За несколько дней до ареста Фабра Филиппо был исключен из Якобинского клуба, а Демулен вместе со «Старым кордельером» морально раздавлен. Члены робеспьеровского Комитета вышвырнули из своей среды последнего дантониста, Эро де Сешеля, который в ожидании тюрьмы и гильотины предался беспробудному пьянству.

А Дантон? Дантон не хотел пить. Со своей юной супругой он вновь уехал в Севр, в поместье «Фонтан любви».

Трубки папаши Дюшена

Жак Рене Эбер был человеком особого склада. Многие признавали его умным и способным, но приятным — никто. Его саркастическая ухмылка не предвещала добра. Насмешник и циник, Эбер с презрением относился даже к своим восторженным почитателям.

— Пойду к этим кретинам, — говаривал он, отправляясь на заседание Клуба кордельеров.

В революции Эбер выдвинулся довольно поздно и долго не мог найти своего места, бросаясь из крайности в крайность. Наконец нашел. Он стал заместителем Шомета по должности прокурора Коммуны и некоторое время сопутствовал своему шефу на идейном поприще. Но подлинную популярность Эберу, выдвинув его в вожаки фракции, создала его газета «Отец Дюшен». Тираж ее рос из месяца в месяц, причем все равно она вся раскупалась.

Парижане хорошо знали дюжего молодца-санкюлота в треуголке и с пистолетами за поясом, посасывающего трубку, в то время как комплект других трубок лежал на жаровне. Так изображался «Папаша Дюшен» на первой странице газеты. И слова его были известны не хуже, чем его облик:

«…Торговцы — сатана их возьми — не имеют отечества. Они низвергли аристократов только для того, чтобы самим занять их место…»

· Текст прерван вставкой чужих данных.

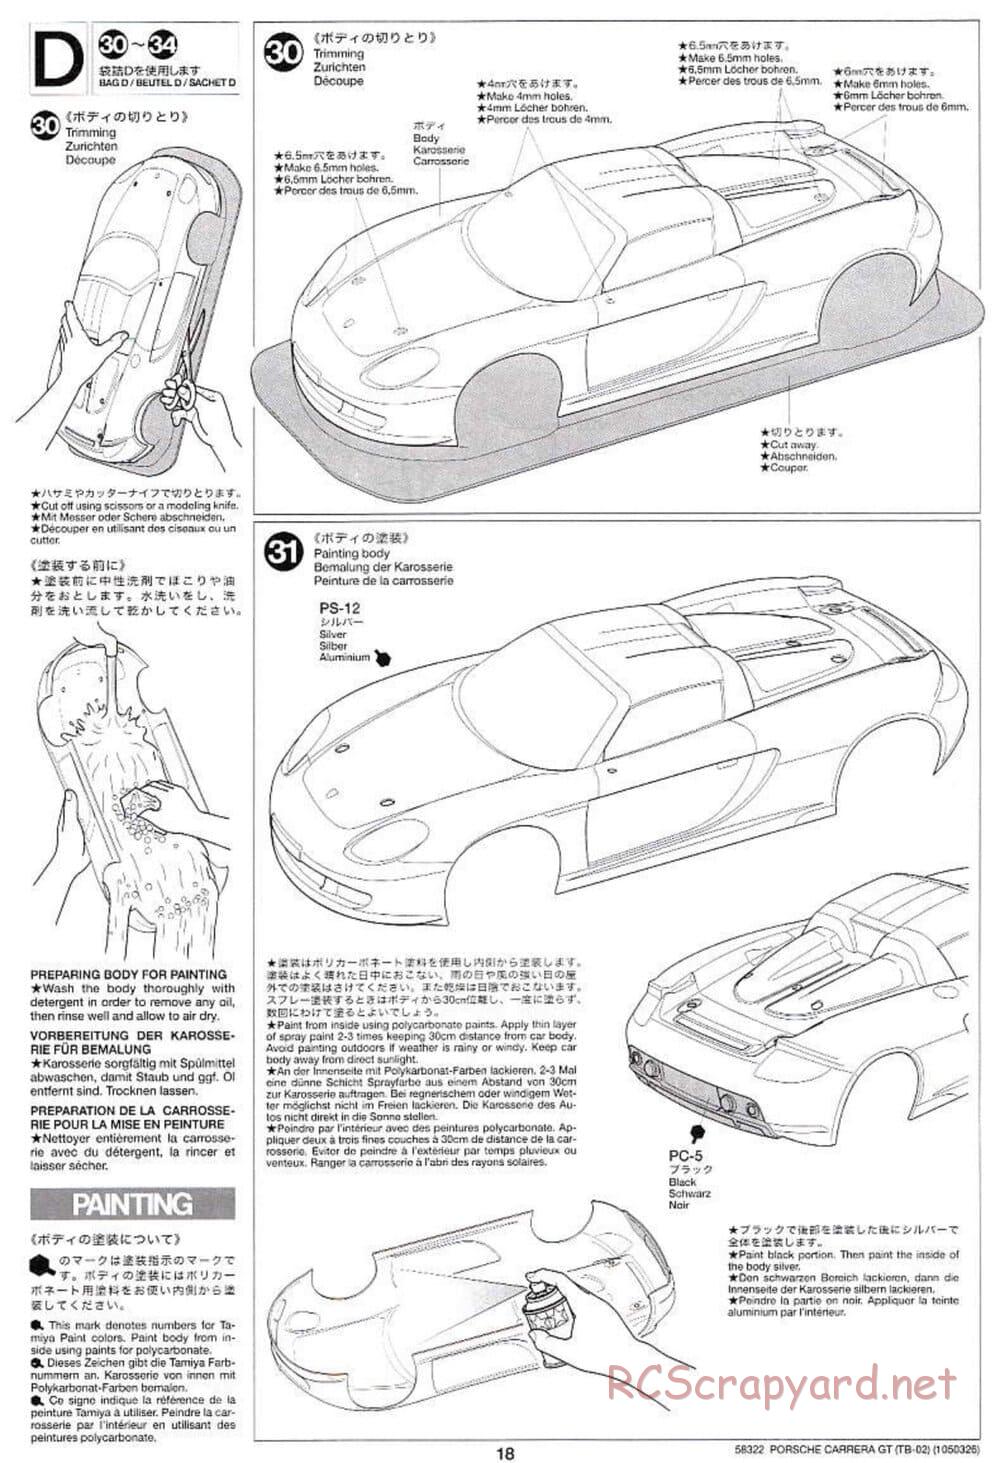 Tamiya - Porsche Carrera GT - TB-02 Chassis - Manual - Page 18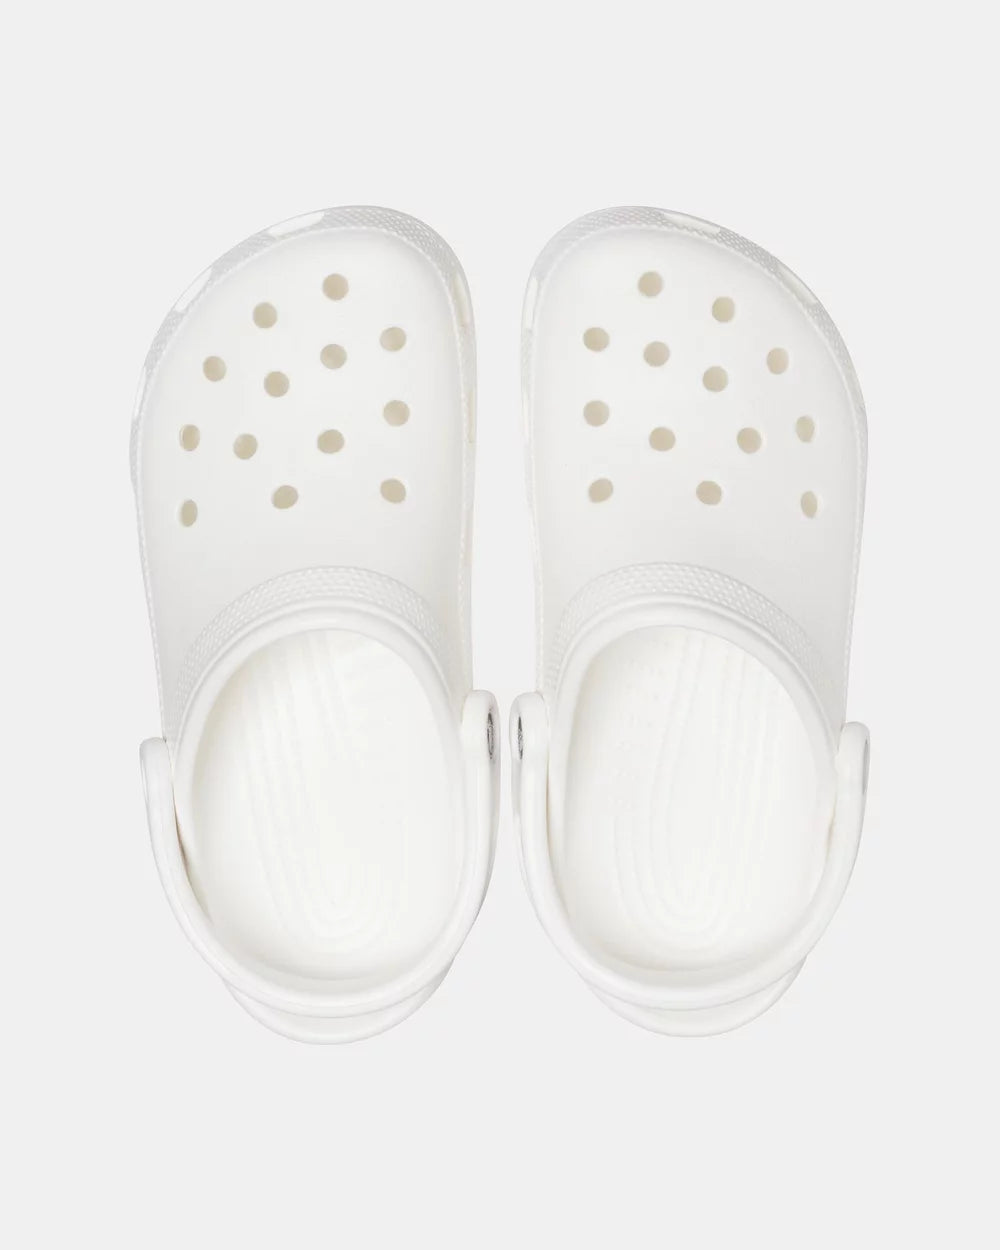 Crocs Classic White Waterproof Shoes Comfy

«…Богач — эгоист, бесполезное существо… Он лопнет, черт его побери, от стыда или нищеты, и вскоре эта зачумленная раса совсем исчезнет…»

«…Что бы мы делали без святой гильотины, этой благословенной национальной бритвы?..»

Санкюлотам импонировал грубо-развязный тон газеты Эбера, ее язык, пересыпанный простонародными словечками и ругательствами. Но, разумеется, еще большее воздействие оказывало содержание статей, призывавших к борьбе со спекулянтами, богатеями и контрреволюционной церковью. Редактор газеты отзывался на все злободневные вопросы, выражая вековую ненависть бедноты против угнетателей.

И все же, когда Эбера вместе с его ближайшими единомышленниками поволокли на казнь, народ не выразил ему сочувствия. Санкюлоты кричали:

— Да здравствует республика!

А кое-кто с ехидством обращался к бледному обессилевшему журналисту:

— Ну, как дела, папаша Дюшеи?.. Где же твои прославленные трубки?..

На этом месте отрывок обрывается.